[RECORDS]
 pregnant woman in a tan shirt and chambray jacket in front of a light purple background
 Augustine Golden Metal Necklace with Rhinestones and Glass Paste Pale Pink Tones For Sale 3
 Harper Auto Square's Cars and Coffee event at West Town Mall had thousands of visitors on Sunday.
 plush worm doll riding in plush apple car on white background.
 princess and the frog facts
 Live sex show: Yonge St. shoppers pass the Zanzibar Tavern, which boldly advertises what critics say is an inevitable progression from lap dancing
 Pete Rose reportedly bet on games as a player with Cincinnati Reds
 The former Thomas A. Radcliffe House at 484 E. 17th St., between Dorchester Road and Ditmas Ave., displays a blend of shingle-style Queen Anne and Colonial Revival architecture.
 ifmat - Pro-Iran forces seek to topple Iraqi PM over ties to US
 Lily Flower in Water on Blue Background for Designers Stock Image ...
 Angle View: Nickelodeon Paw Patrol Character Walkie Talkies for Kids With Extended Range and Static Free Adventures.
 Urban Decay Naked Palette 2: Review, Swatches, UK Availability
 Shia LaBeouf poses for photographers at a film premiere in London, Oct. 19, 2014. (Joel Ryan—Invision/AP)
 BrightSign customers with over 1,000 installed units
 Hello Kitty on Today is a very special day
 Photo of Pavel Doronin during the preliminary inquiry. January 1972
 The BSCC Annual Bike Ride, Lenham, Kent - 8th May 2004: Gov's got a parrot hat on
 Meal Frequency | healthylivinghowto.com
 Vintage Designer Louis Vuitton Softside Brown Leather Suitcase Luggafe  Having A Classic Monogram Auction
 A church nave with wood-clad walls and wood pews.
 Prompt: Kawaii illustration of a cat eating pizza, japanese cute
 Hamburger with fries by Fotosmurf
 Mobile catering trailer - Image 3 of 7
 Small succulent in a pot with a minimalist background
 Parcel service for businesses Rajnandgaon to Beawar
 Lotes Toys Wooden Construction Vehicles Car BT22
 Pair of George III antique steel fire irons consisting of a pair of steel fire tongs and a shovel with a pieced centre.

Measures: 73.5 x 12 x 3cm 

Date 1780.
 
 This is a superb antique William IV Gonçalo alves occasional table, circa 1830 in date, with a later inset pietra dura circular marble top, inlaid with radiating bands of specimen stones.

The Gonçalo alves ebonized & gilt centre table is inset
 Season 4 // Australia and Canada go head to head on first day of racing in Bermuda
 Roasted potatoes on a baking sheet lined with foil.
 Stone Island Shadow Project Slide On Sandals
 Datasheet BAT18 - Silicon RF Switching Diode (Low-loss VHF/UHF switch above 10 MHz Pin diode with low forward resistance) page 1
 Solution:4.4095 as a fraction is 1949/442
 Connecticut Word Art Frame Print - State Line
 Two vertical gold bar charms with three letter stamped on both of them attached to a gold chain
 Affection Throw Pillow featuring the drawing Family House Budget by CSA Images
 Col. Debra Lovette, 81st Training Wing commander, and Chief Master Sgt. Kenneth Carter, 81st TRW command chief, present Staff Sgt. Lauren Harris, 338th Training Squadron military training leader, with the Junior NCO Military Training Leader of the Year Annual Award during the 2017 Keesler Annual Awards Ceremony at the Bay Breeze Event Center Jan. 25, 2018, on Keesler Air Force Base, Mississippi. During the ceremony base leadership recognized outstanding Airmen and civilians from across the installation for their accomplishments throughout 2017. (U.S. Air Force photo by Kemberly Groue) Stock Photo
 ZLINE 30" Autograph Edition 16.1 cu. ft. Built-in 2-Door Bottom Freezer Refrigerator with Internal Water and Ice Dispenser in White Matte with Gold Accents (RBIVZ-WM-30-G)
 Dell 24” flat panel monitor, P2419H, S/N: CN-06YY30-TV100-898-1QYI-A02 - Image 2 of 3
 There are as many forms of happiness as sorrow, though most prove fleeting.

[WHAT YOU NEED TO DO] Repeat only the lines running from the line that contains "Connecticut Word Art" through the last line above, inclusive.

[PROBLEM SOLUTION]
 Connecticut Word Art Frame Print - State Line
 Two vertical gold bar charms with three letter stamped on both of them attached to a gold chain
 Affection Throw Pillow featuring the drawing Family House Budget by CSA Images
 Col. Debra Lovette, 81st Training Wing commander, and Chief Master Sgt. Kenneth Carter, 81st TRW command chief, present Staff Sgt. Lauren Harris, 338th Training Squadron military training leader, with the Junior NCO Military Training Leader of the Year Annual Award during the 2017 Keesler Annual Awards Ceremony at the Bay Breeze Event Center Jan. 25, 2018, on Keesler Air Force Base, Mississippi. During the ceremony base leadership recognized outstanding Airmen and civilians from across the installation for their accomplishments throughout 2017. (U.S. Air Force photo by Kemberly Groue) Stock Photo
 ZLINE 30" Autograph Edition 16.1 cu. ft. Built-in 2-Door Bottom Freezer Refrigerator with Internal Water and Ice Dispenser in White Matte with Gold Accents (RBIVZ-WM-30-G)
 Dell 24” flat panel monitor, P2419H, S/N: CN-06YY30-TV100-898-1QYI-A02 - Image 2 of 3
 There are as many forms of happiness as sorrow, though most prove fleeting.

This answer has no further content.